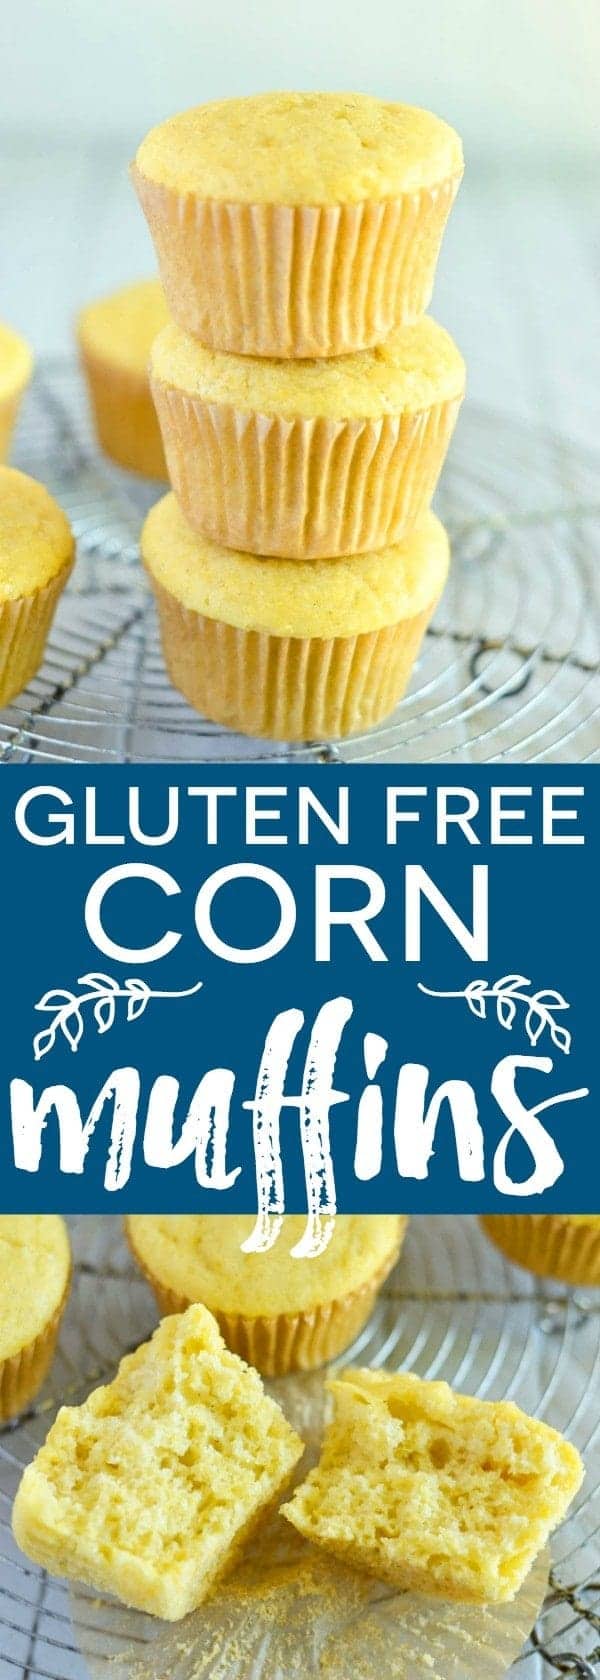 Easy Gluten Free Corn Muffin recipe from @whattheforkblog |gluten free and dairy free | whattheforkfoodblog.com
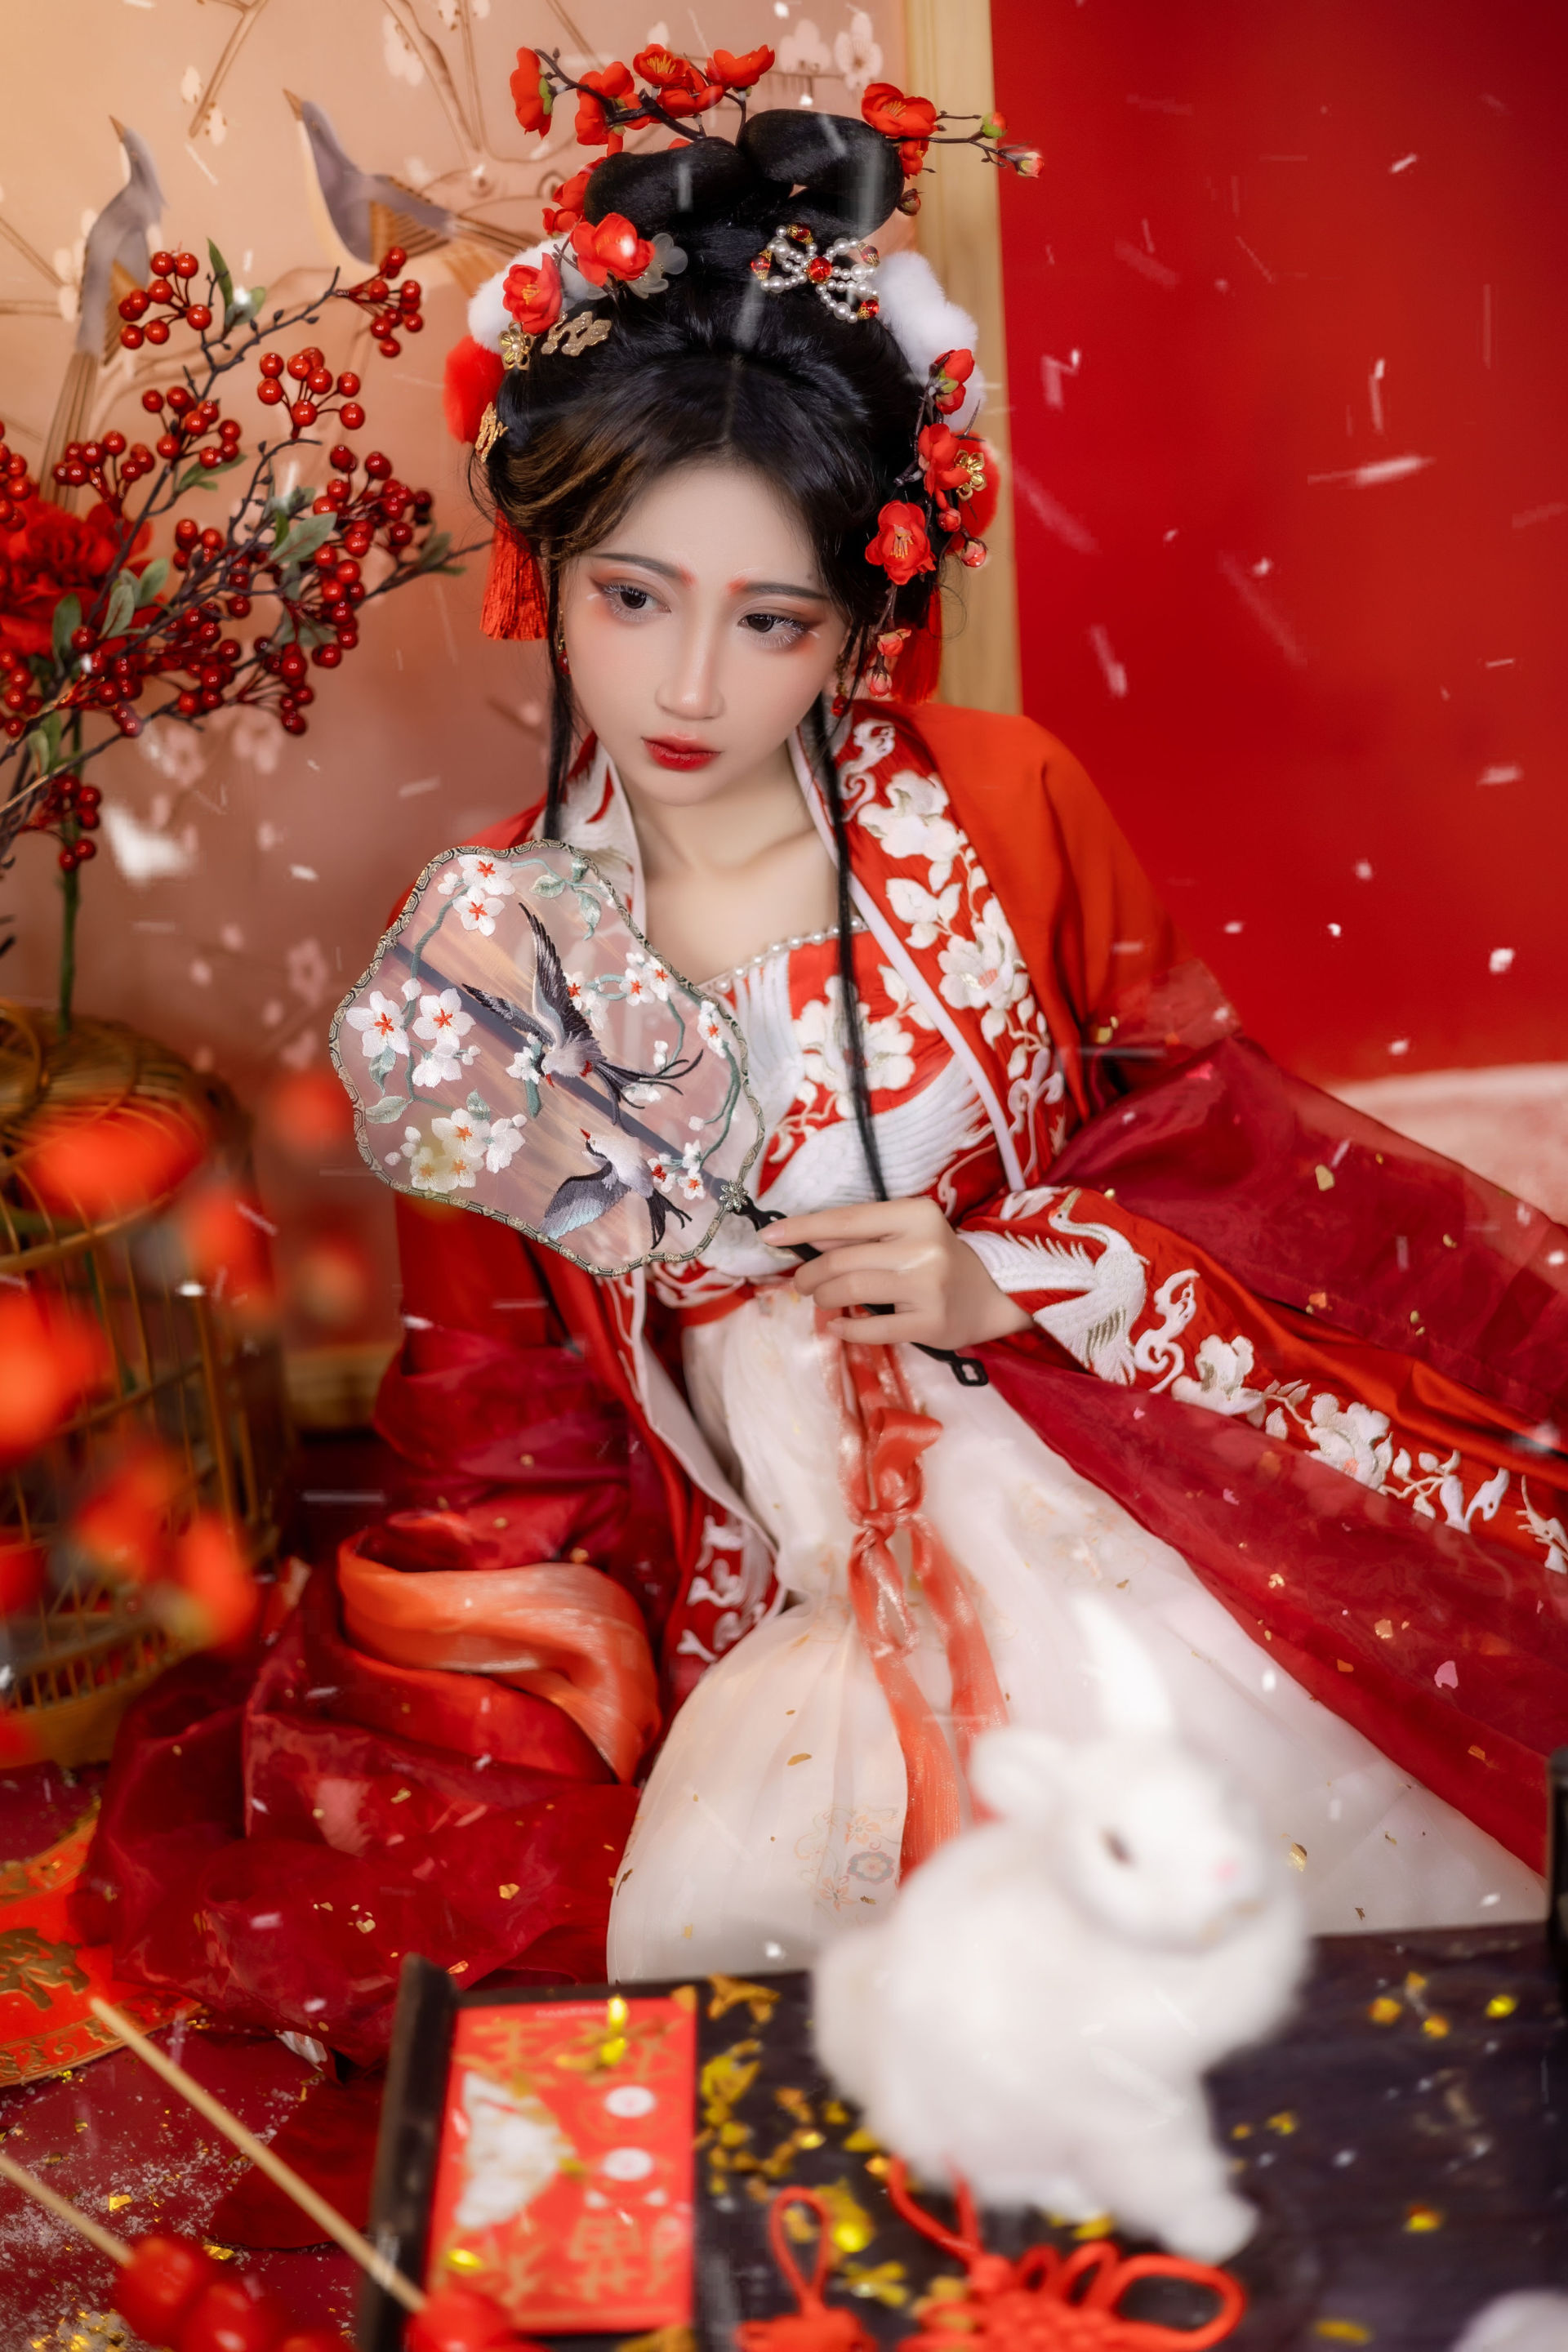 阳春白雪 古典 红色 中国风 美人 美图
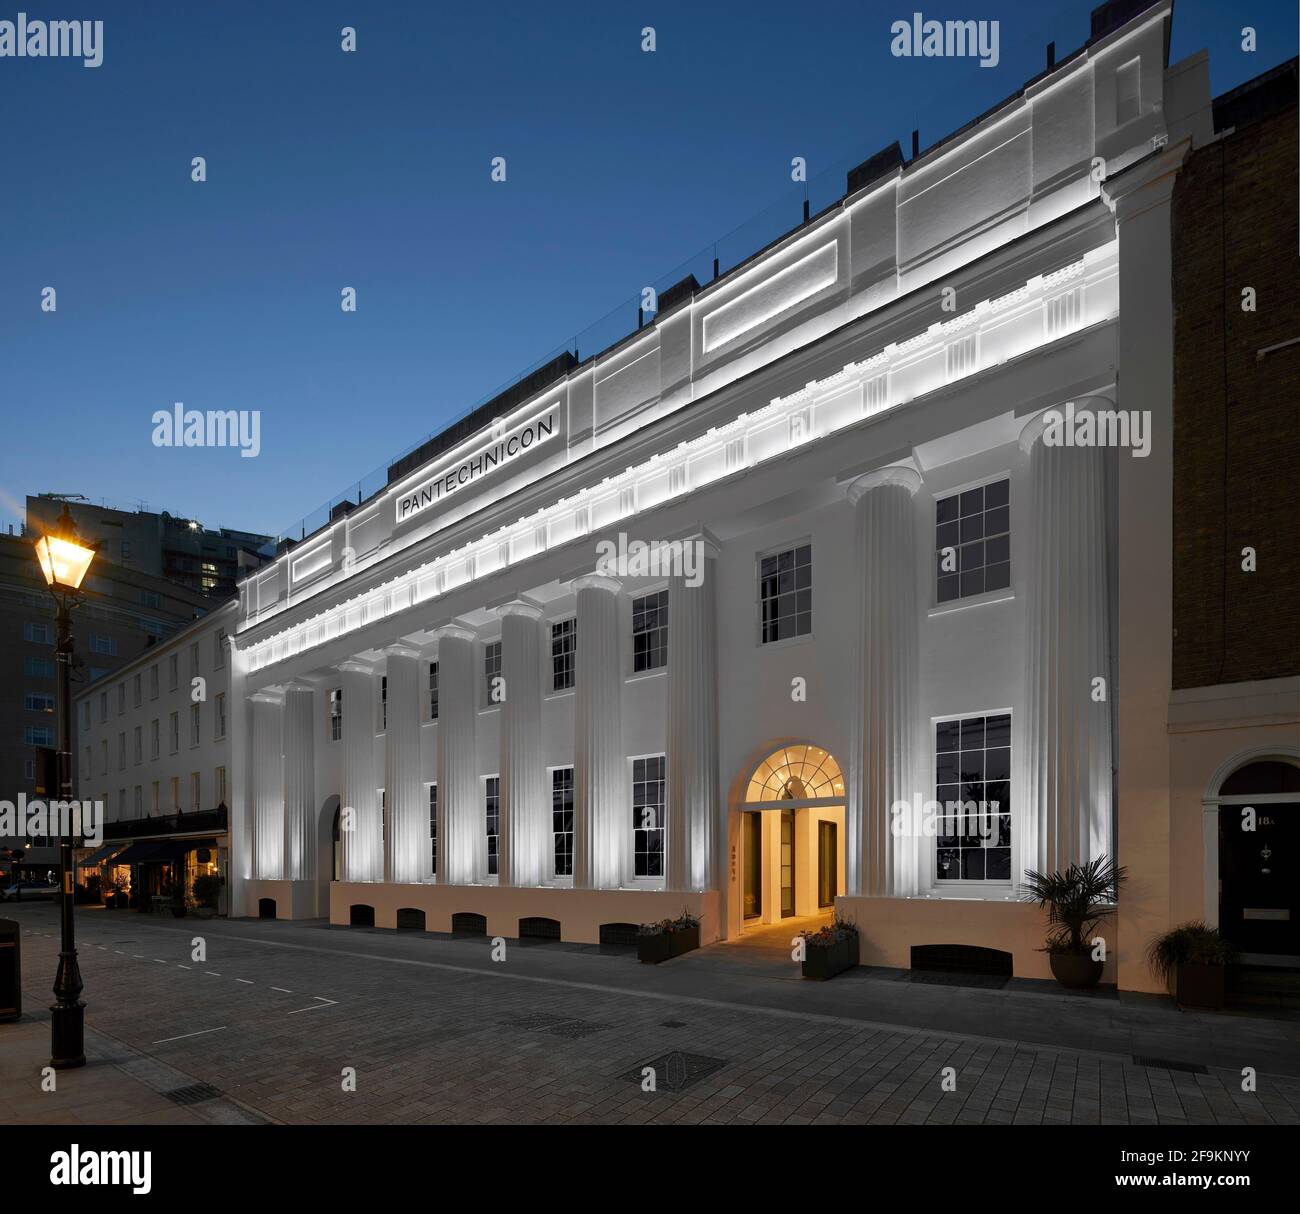 Extérieur au crépuscule. Pantechnicon, Londres, Royaume-Uni. Architecte: Farrells, 2020. Banque D'Images
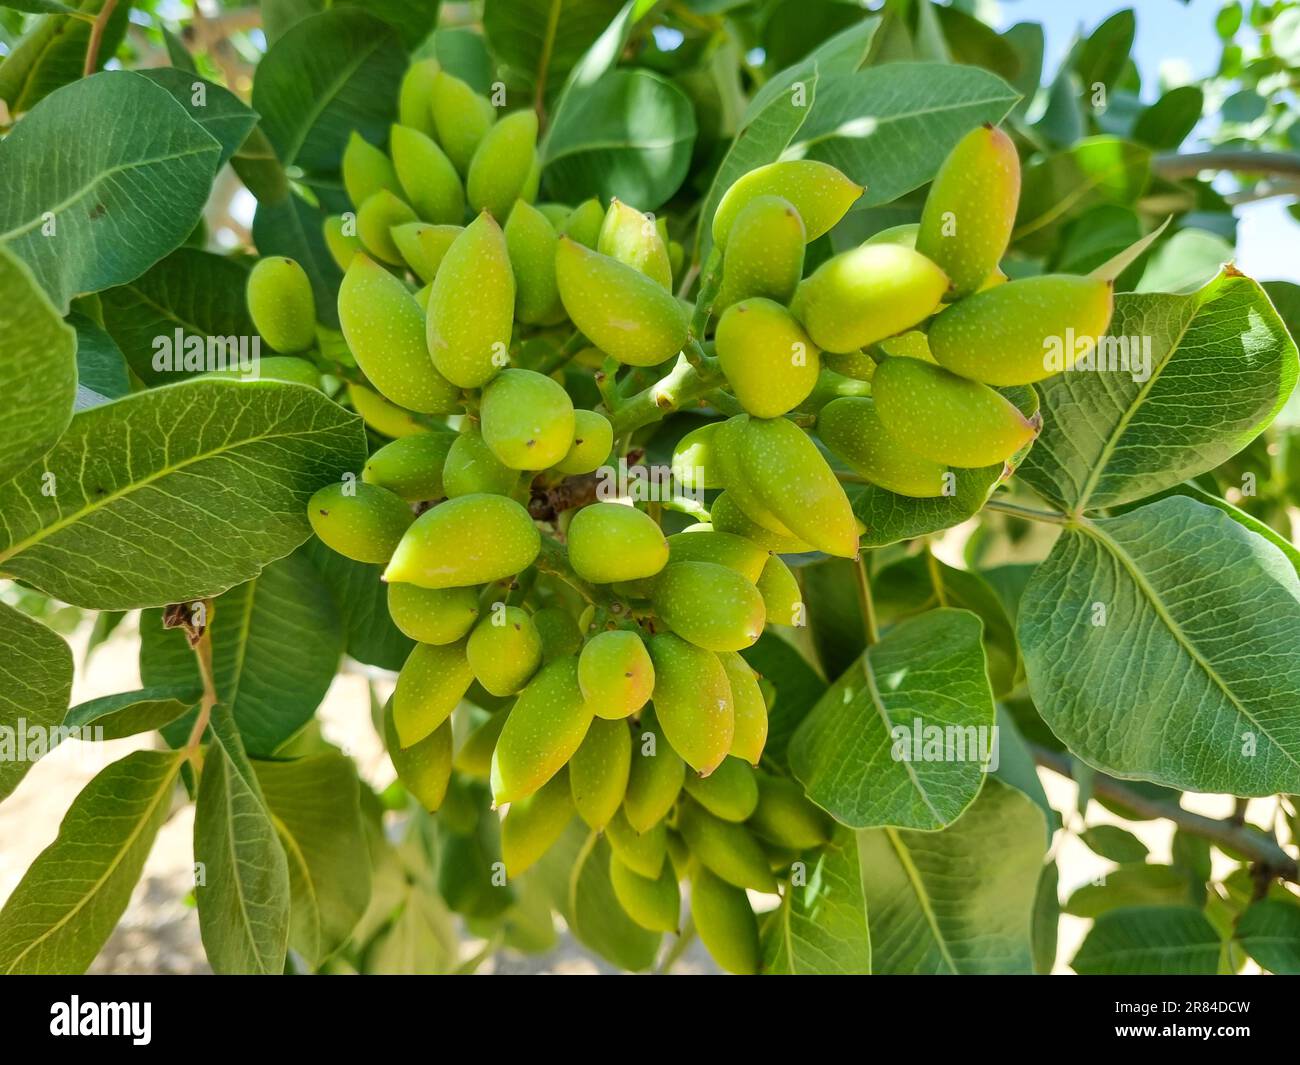 Jeunes pistaches vertes fraîches sur l'arbre Banque D'Images

### Exercise prompt
Please print everything in the material exactly, apart from the pictures.

### Solution to this exercise
 Easy Gluten Free Corn Muffin recipe from @whattheforkblog |gluten free and dairy free | whattheforkfoodblog.com
 阳春白雪 古典 红色 中国风 美人 美图
 Extérieur au crépuscule. Pantechnicon, Londres, Royaume-Uni. Architecte: Farrells, 2020. Banque D'Images
 Jeunes pistaches vertes fraîches sur l'arbre Banque D'Images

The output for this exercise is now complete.